Sudah lima belas menit, Robin belum juga muncul. Tapi apa mungkin ia sudah sejak tadi ada di sini, dan kau tidak menyadarinya karena hampir lupa dengan wajahnya yang sekarang. Memang kau akui, sangat lama kalian tidak berjumpa. Ketika ia meneleponmu lagi, selepas wisudamu, kau juga sampai ‘tak mengenalinya. Sahabatku, tenanglah, kau masih mengenal gaya berjalannya, cara berpakaiannya, dan, hahaha, yang mudah kau kenali adalah tahi lalat Rano Karnonya. Lalu kaupesan es susu cokelat di sebuah pojok minuman di foodcourt yang tengah kau diami. Kau nikmati masa tidak sabarmu, perasaan hati yang tidak tenang, gelisah yang merajai, juga bosan yang membumbui olahan emosi dalam jiwamu. Tiga puluh menit berjalan mitra bermimpimu itu belum juga hadir. Apa mungkin kau salah masuk mall atau juga salah memasuki foodcourt yang dimaksud? Tapi setelah kau cek di HP, benar di sinilah tempatnya.

Beberapa anak lelaki berswiter hitam pekat, bertubuh tinggi, dan berjalan cuek sering kau tebak-tebak sebagai seorang Robin Samanjid. Tapi semuanya tidak ada yang benar. Robin memiliki karakter yang kuat, pribadi yang unik, sosok yang misterius, dan tipikal sahabat yang rela memberikan kebahagiaan apa saja demi kebahagiaan bersama. Tipikal terakhirnya tersebut memiliki kesamaan dengan Rasyid, yang rela mengorbankan apa pun demi sahabat-sahabatnya bahagia—keluar dari kesulitan meski harus memberikan kebahagiaannya. Itulah, sahabat, kepribadian yang mencolok dari sahabatmu yang senang dunia anak-anak dan gemar menuntaskan permasalahan orang lain. Karena kebahagiaan bagi mereka adalah bagaimana orang lain bisa bahagia dengan apa yang diberikannya. Bukan korupsi dan menyakiti orang. Robin pasti membuat kejutan.

N 5210-mu berdering di kantong jaketmu. Sebenarnya ini jaket milik Zaqi yang masih tergantung di hanger Aula Potensi, dan karena buru-buru kau ambil saja serta kau bawa ia ke Palembang.
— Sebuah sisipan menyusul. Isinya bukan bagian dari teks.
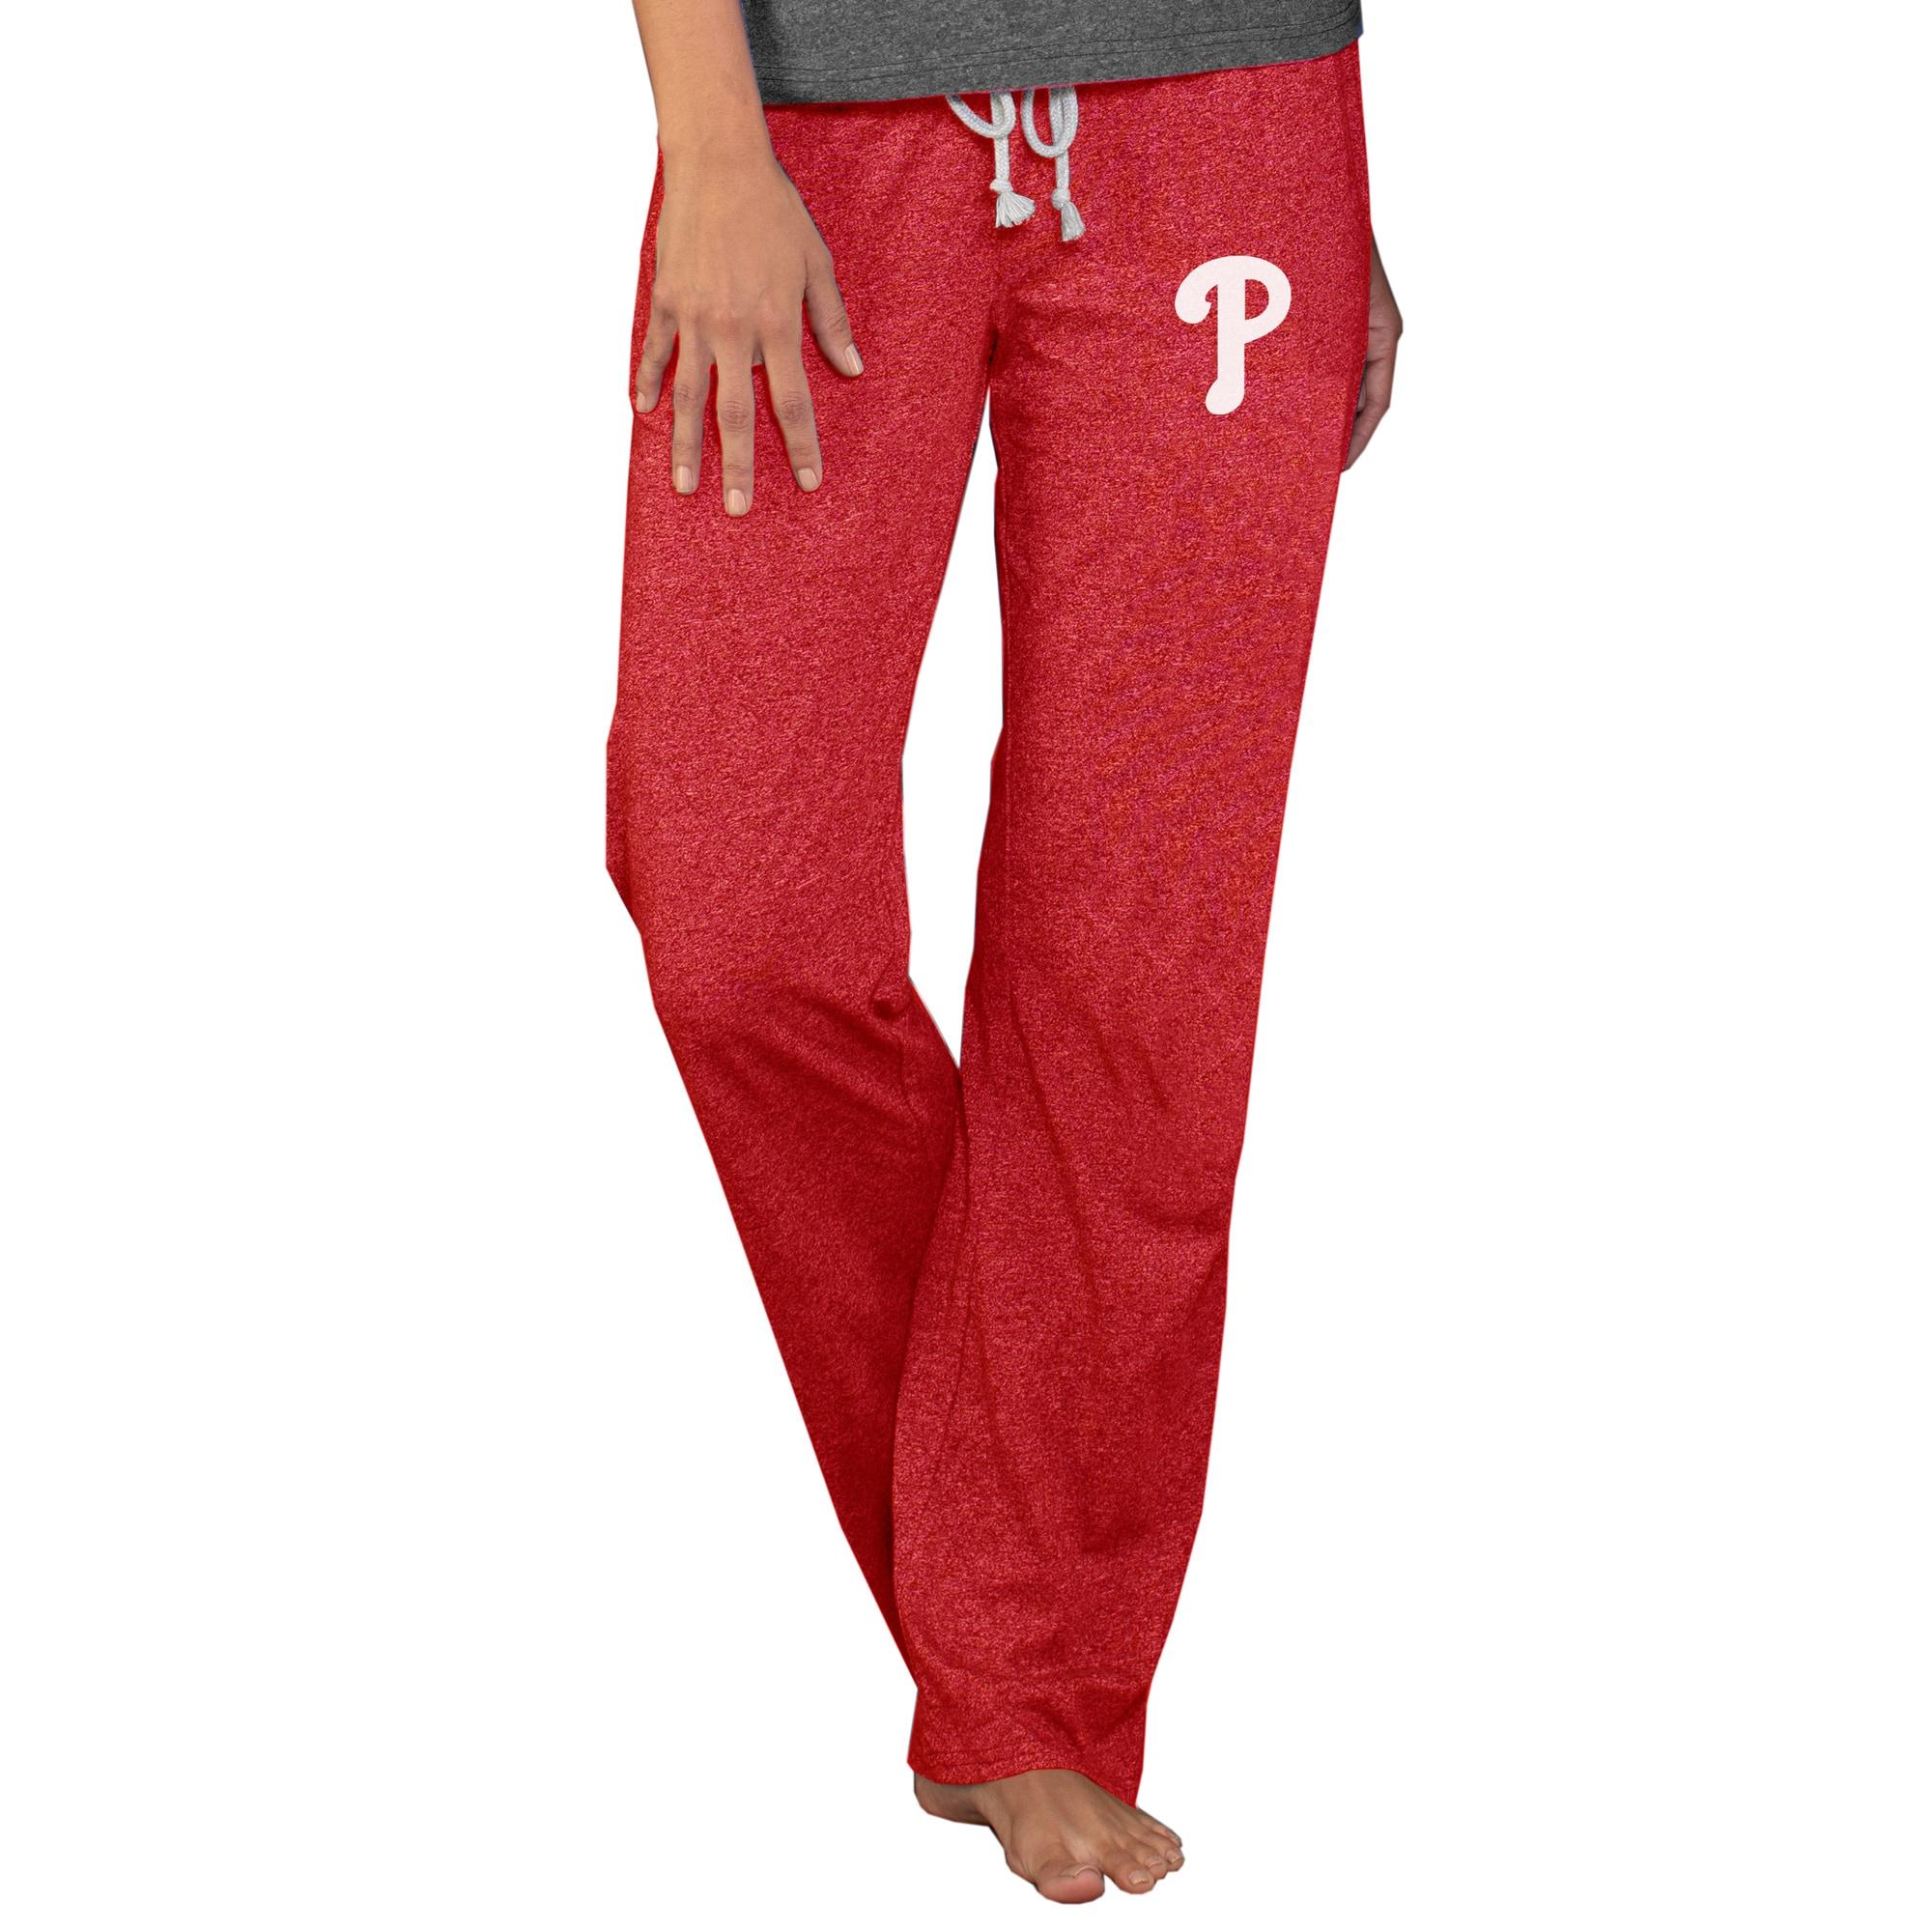 Philadelphia Phillies Concepts Sport Women's Quest Knit Pants - Red
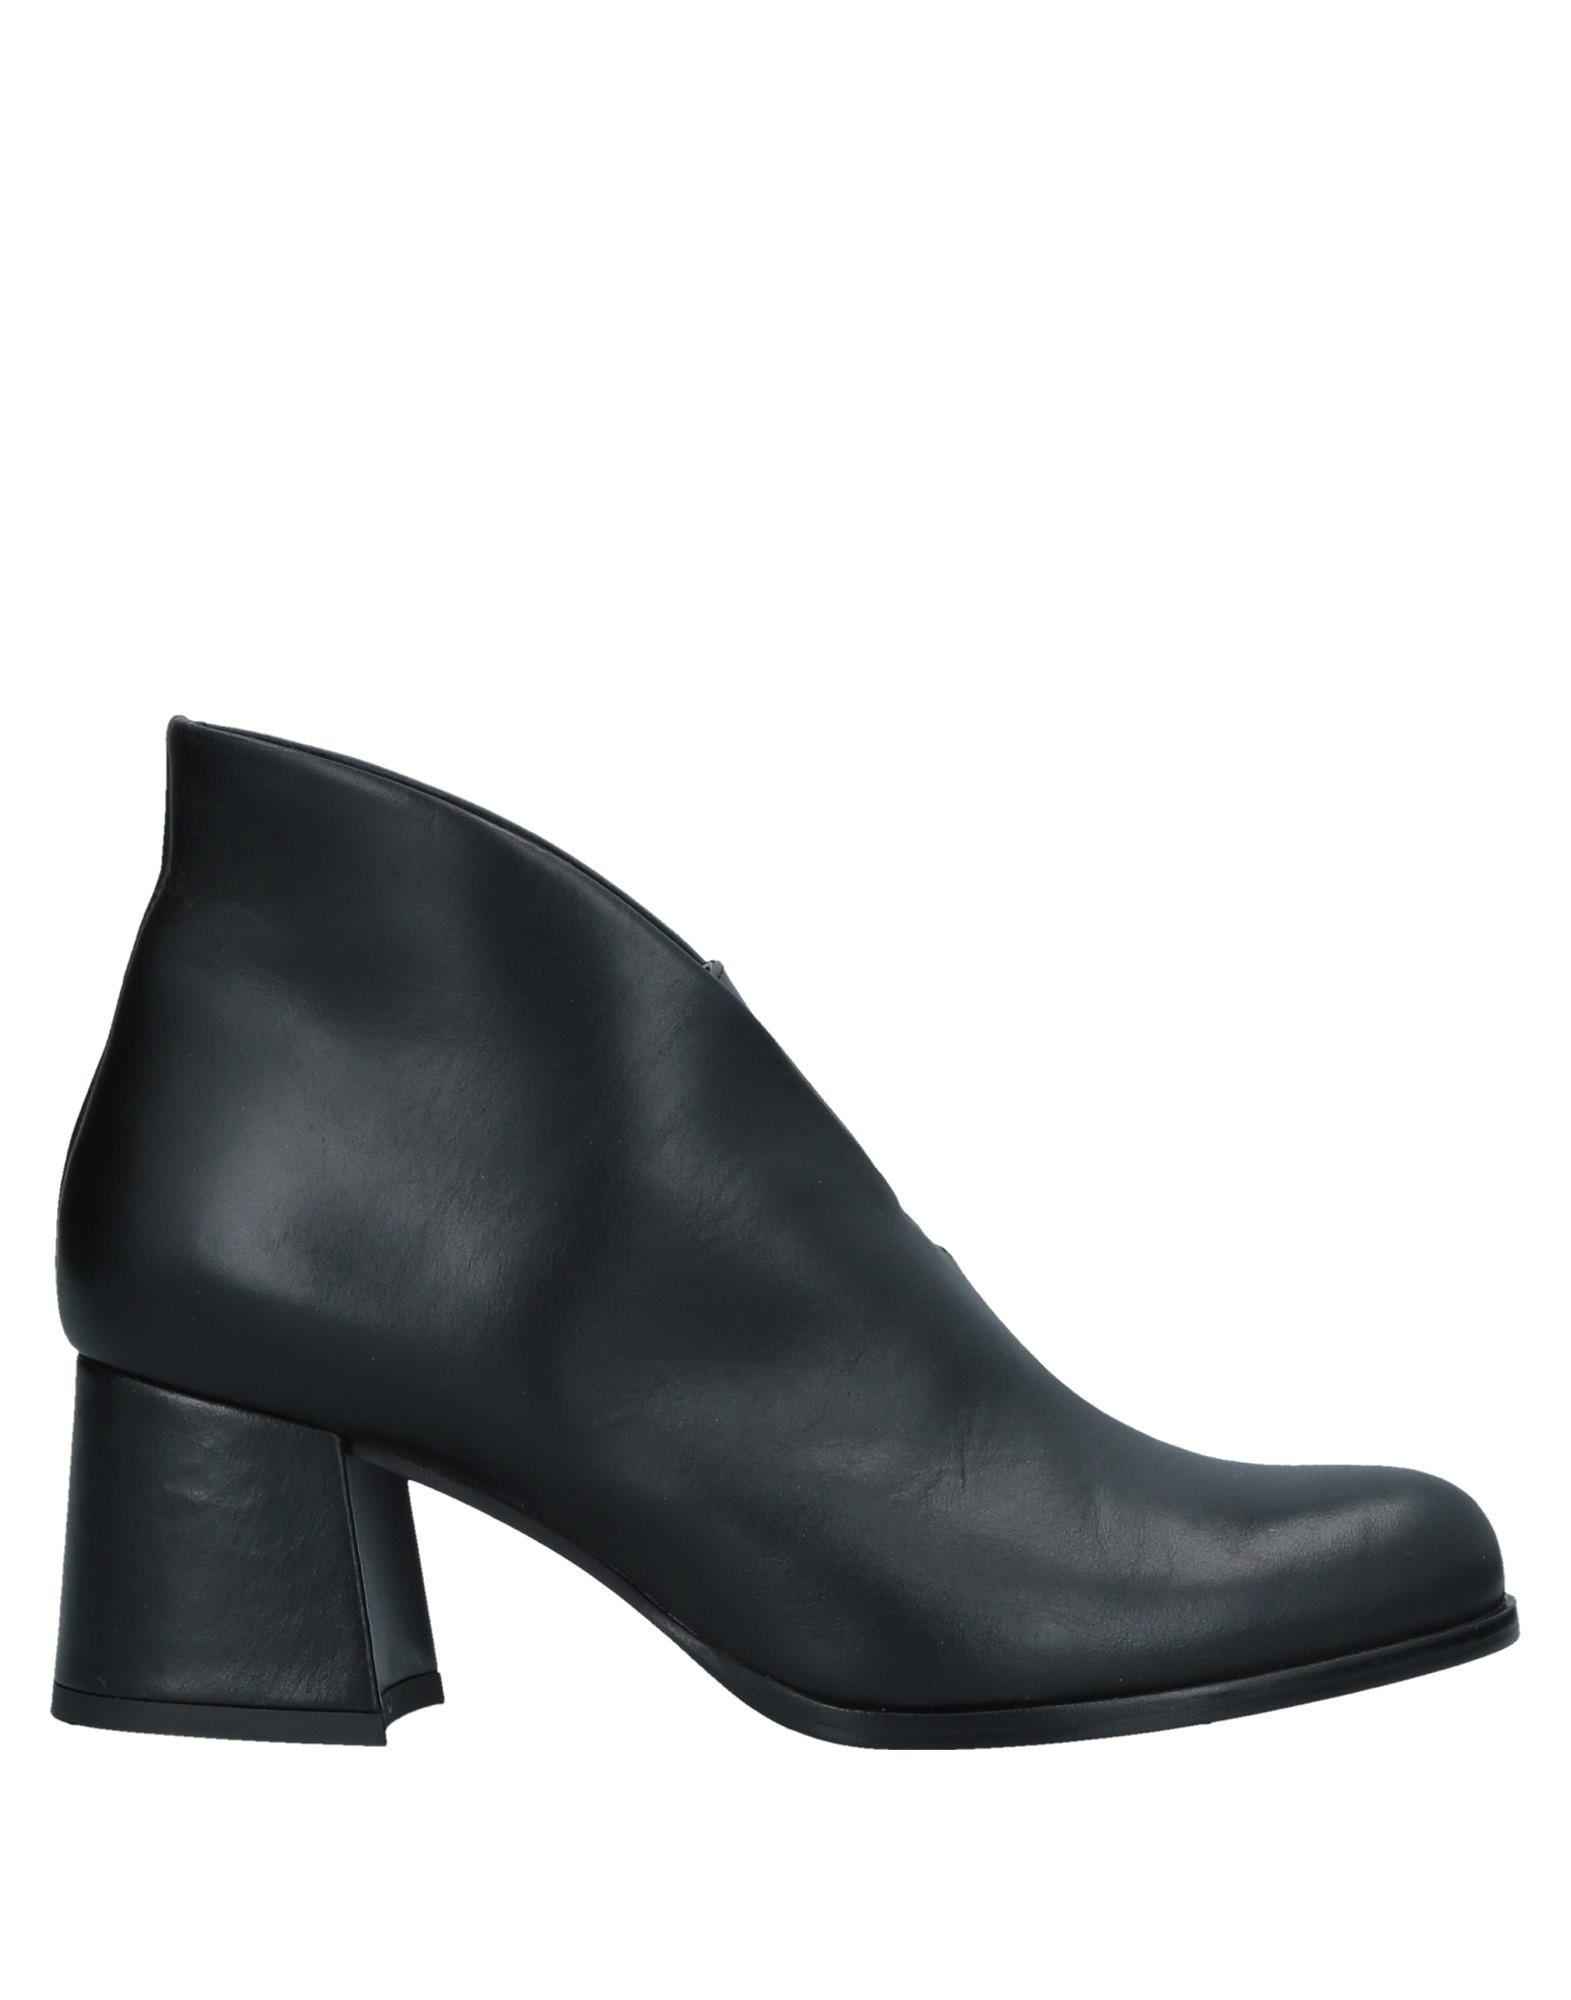 Stivaletti Josephine Donna - 11537262QH elegante

Dengan sigap kau angkat. Berharap Robin karena kau bosan duduk tidak berguna di sini. Jika ada Daniel, Wiku, atau A Ho, mungkin kalian sudah menghitung lebih dari 182 gadis Palembang yang cantik di area foodcourt—termasuk yang ibu-ibu muda. Sebuah nomor baru. Dan benar dugaanmu si penelepon adalah orang yang sedang kau nantikan. Jangan saja ia mengabarimu batal pertemuan, atau masih jauh jalannya ke sini, atau lebih parah lagi ketiduran. Hegh! Ia bisa kau kurung di kamar mandi terminal dua hari dua malam, tanpa konsumsi, pewangi, alat komunikasi, dan bola lampu.

Tambah ganteng bae, anak mudo sikok ini!” sapanya, entah di mana.

“Sialan, di mano kau, wong gilo!” balasku, mengawasi ke arah sekitar.

Kawan, kalau matamu masih normal, cuba awak lihat seseorang jam setengah tigo dari tempat kau berdiri! Hei, sebelah kanan, bukan ke kiri!